Consecutive Available Seats
Problem
Cinema(seat_id, free). Return seat_ids that are free AND have a consecutive free neighbor.
c=[(1,1),(2,0),(3,1),(4,1),(5,1)][3,4,5]SELECT DISTINCT c1.seat_id
FROM Cinema c1, Cinema c2
WHERE ABS(c1.seat_id - c2.seat_id) = 1 AND c1.free = 1 AND c2.free = 1
ORDER BY c1.seat_id;Explanation
We want free seats that have a free neighbor right next to them. The trick is a self-join: we compare the Cinema table with a second copy of itself so each seat can look at the seats beside it.
FROM Cinema c1, Cinema c2 pairs every seat with every other seat.

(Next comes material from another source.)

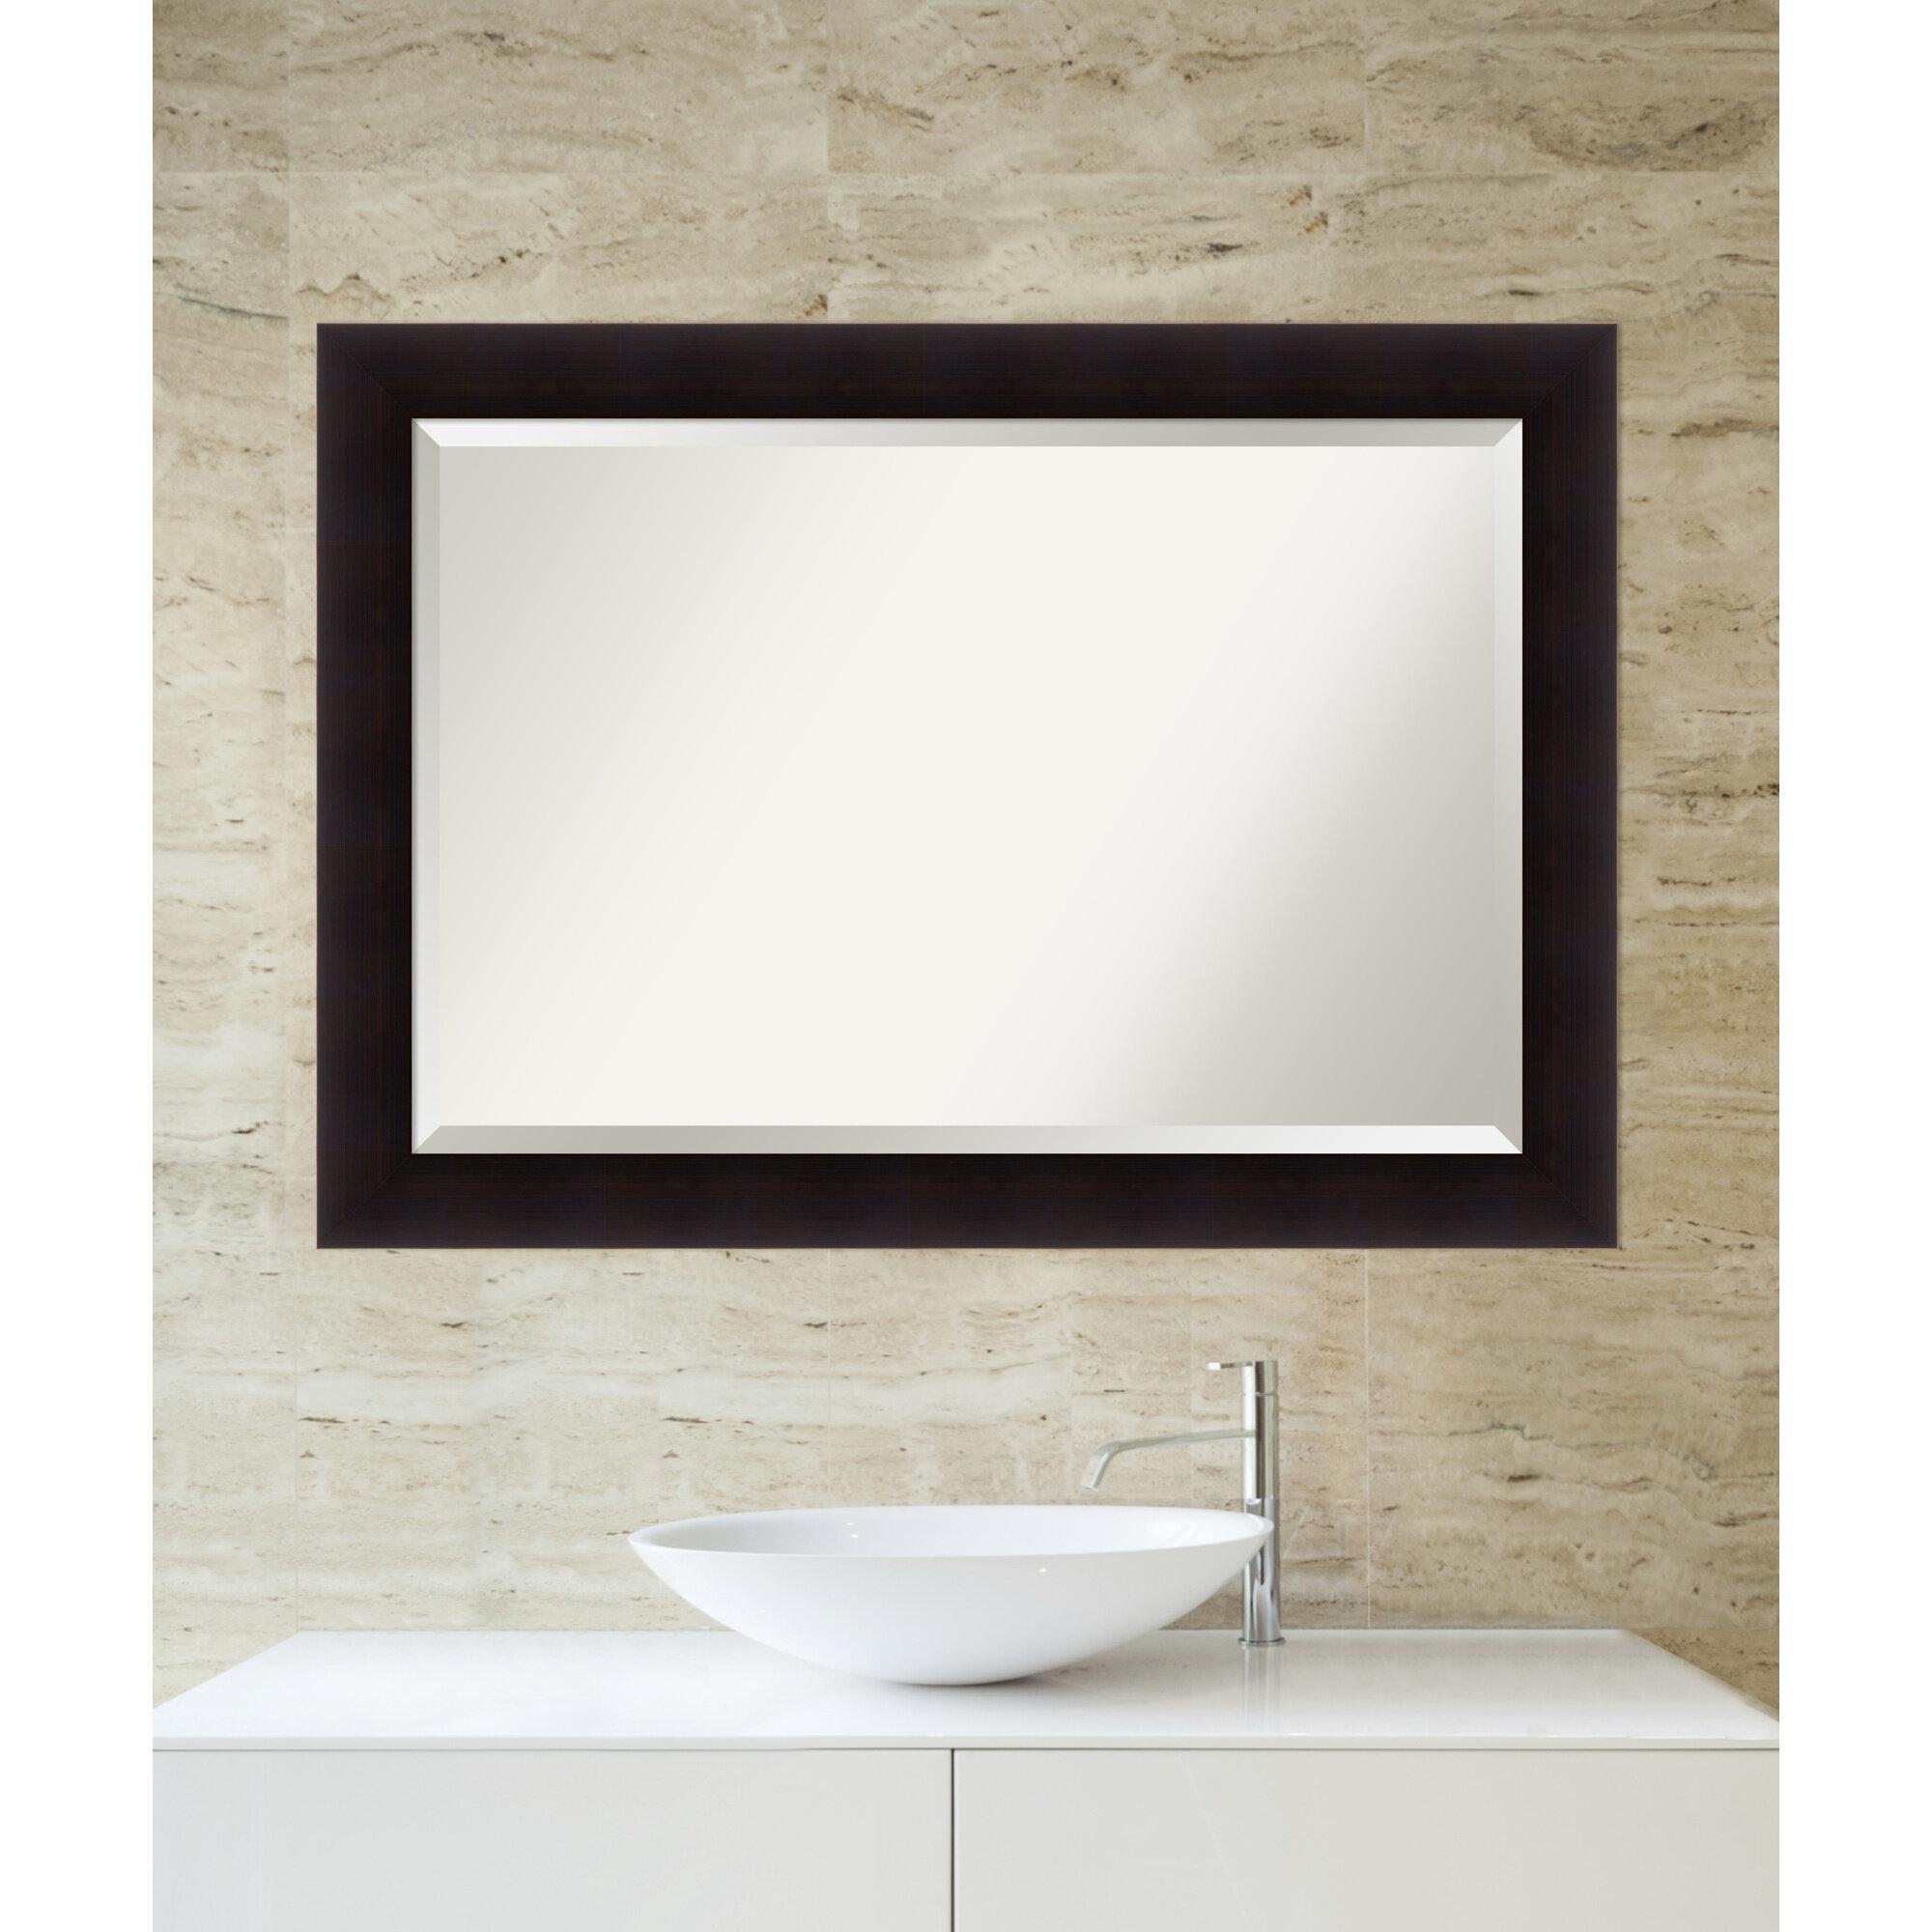 Red Barrel Studio Rectangle Espresso Frame Bathroom Mirror | Wayfair
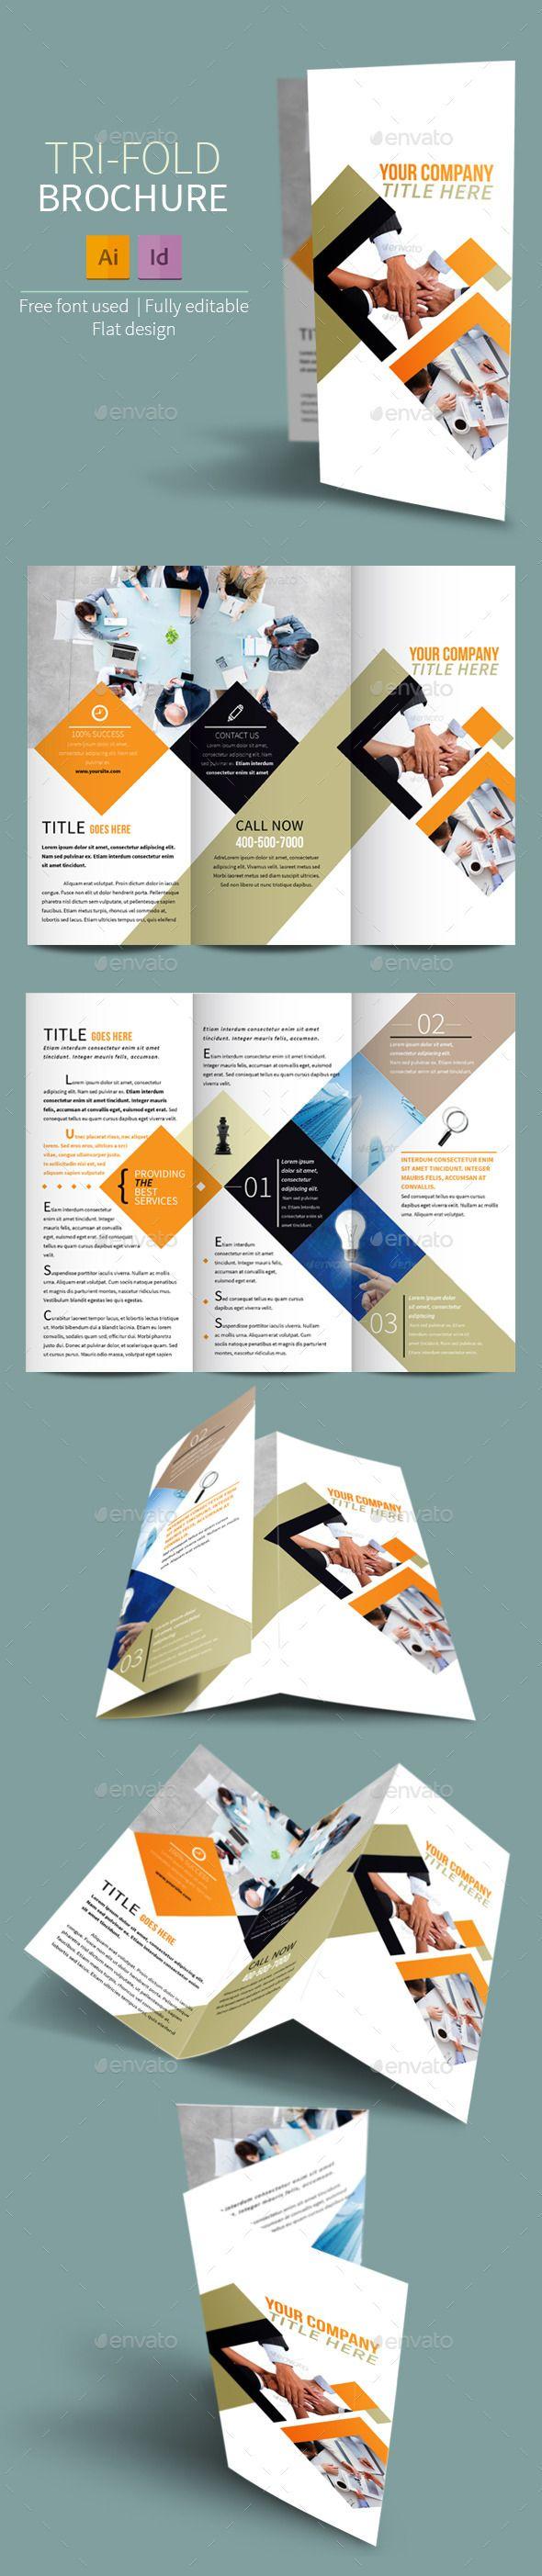 Best Brochure Template Images On Pinterest Brochures - Informational brochure template

The condition ABS(c1.seat_id - c2.seat_id) = 1 keeps only pairs whose seat numbers differ by one — that is, genuine neighbors. Adding c1.free = 1 AND c2.free = 1 requires both the seat and its neighbor to be empty.
A seat can have two free neighbors (one on each side), which would list it twice, so SELECT DISTINCT c1.seat_id removes duplicates, and ORDER BY c1.seat_id returns them in order.
Example: seats 3, 4, 5 are all free. Seat 3 pairs with free seat 4, seat 4 pairs with 3 and 5, and seat 5 pairs with 4 — so all three are kept. Seat 1 is free but its only neighbor (seat 2) is taken, so it is excluded. Result: [3, 4, 5].